Zooplankton feeds on bacteria, but will not touch fecal ones

Zooplankton are very small aquatic animals that feed on bacteria and algae. It includes protozoa, rotifers, crustaceans, tunicates and insect larvae. For example, the fry of most freshwater fish species feed on zooplankton.

A 2017 water quality inventory study in the United States found that water in more than 50 percent of rivers, bays and estuaries (funnel-shaped estuaries) could not be used for recreational purposes, for example, in many cases due to contamination with fecal bacteria. “When sewage is released into clean bodies of water and people are exposed to it, it can lead to illness,” said Dr. Lauren Kennedy, an assistant professor of civil engineering at the University of Texas at El Paso. – Our research aims to understand what factors can prevent pathogens from infecting humans. In other words, how long will it take for the water to become safe for recreational use again without any outside intervention, she added.

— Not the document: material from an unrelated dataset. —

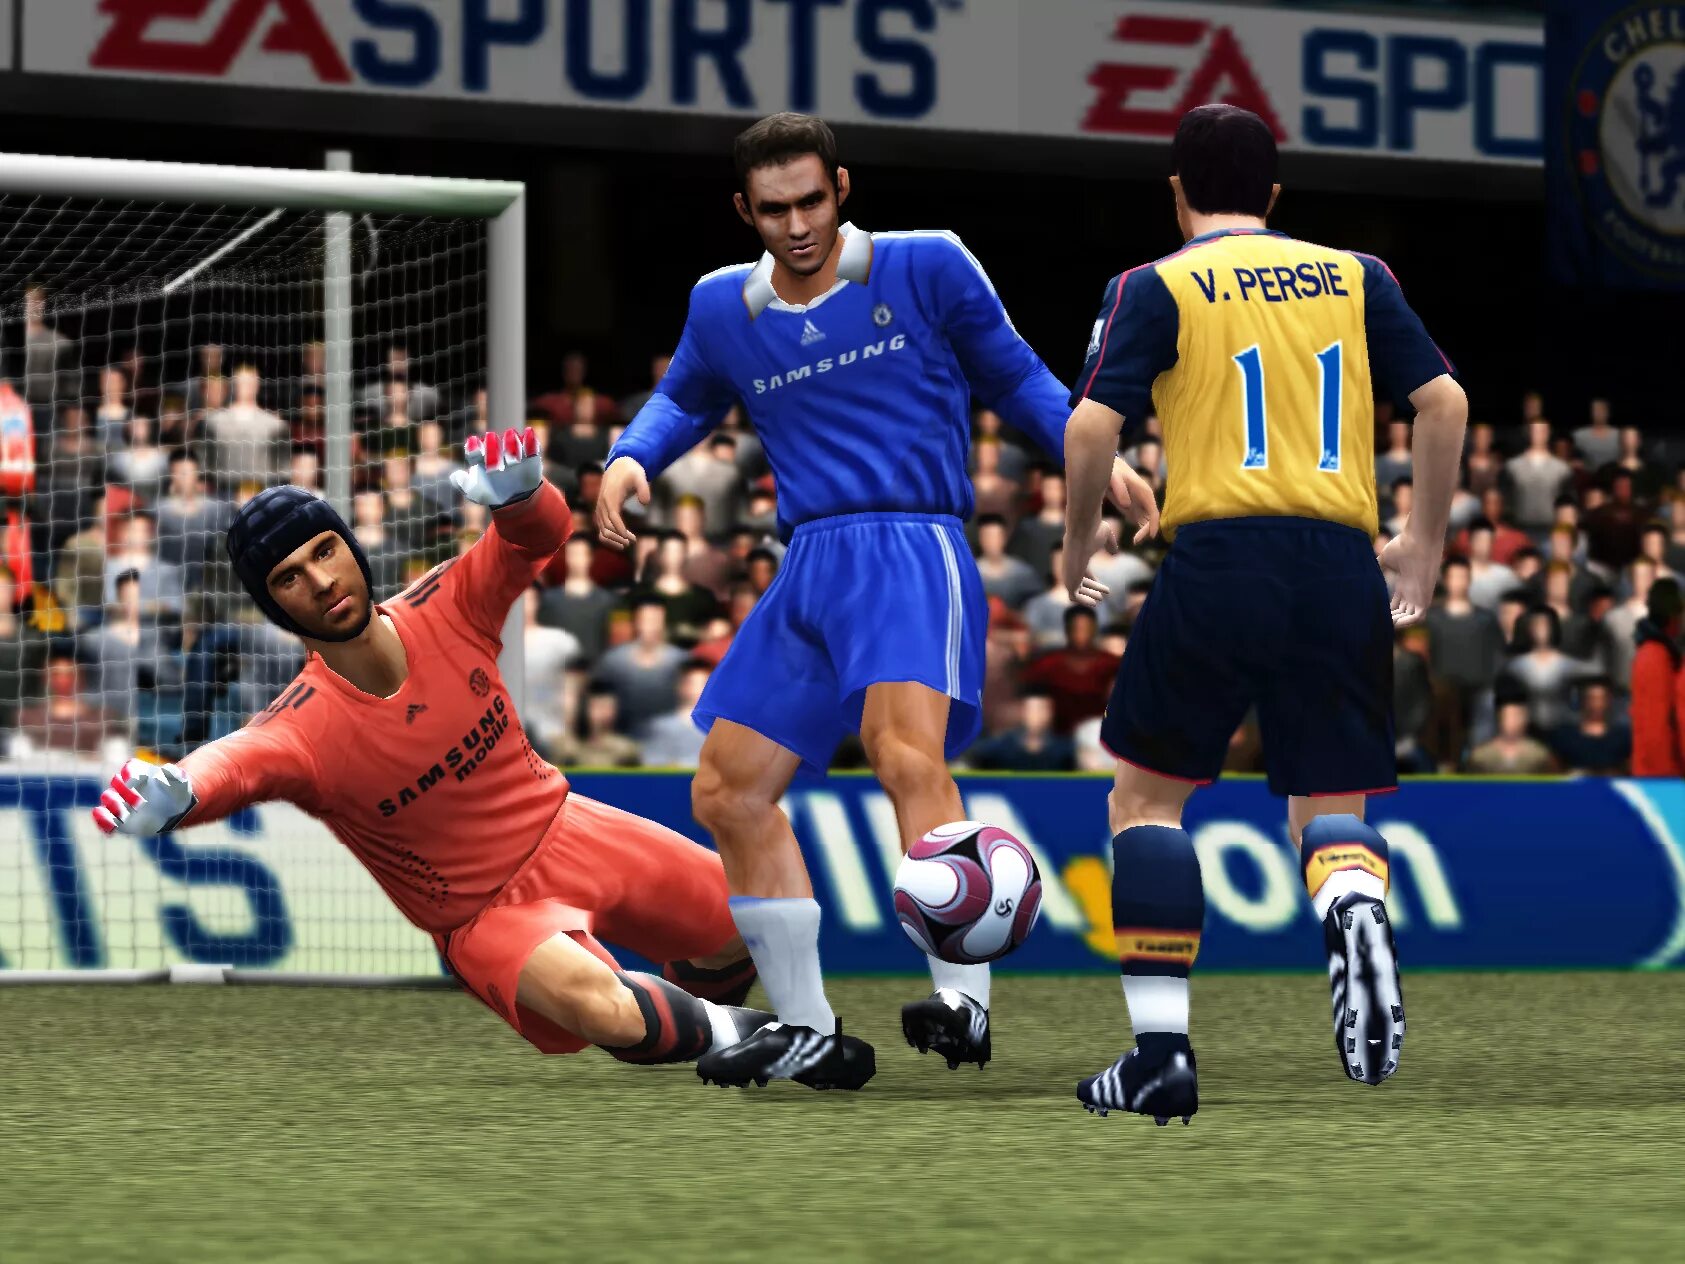 Fifa igruha. FIFA Soccer 09. FIFA 09 (ps2). PLAYSTATION 2 FIFA 09. FIFA 08 ps2.

As Kennedy explained, water from sewage and septic tanks can accidentally enter freshwater bodies due to accidents, inadequate water treatment or corroded infrastructure.

Therefore, scientists from the University of Texas at El Paso (UTEP) and Stanford University hypothesized that zooplankton would consume or neutralize fecal microorganisms found in the water. To their surprise, they found that zooplankton – both those found in fresh and salt water – did not clean up water contaminated with fecal microorganisms. An article on this topic was published in early October in the “mSphere” magazine. What did the research look like? Scientists added viruses (MS2 bacteriophages) and E. coli bacteria to freshwater and saltwater samples collected from the San Francisco Bay Area in California. MS2 and E. coli are considered scientifically useful indicators of water pollution because they occur in high concentrations in wastewater and their presence often indicates fecal contamination of the environment. As it turned out, zooplankton had no significant effect on the inactivation of pathogens, while in the presence of salt they were inactivated faster than in fresh water. This included, for example, ocean water taken from San Pedro Beach. According to the authors, the study results are an important step forward in understanding the limitations of zooplankton as natural “purifiers” of contaminated water. The next phases of research will focus on the impact of salinity on the survival of pathogens in contaminated waters.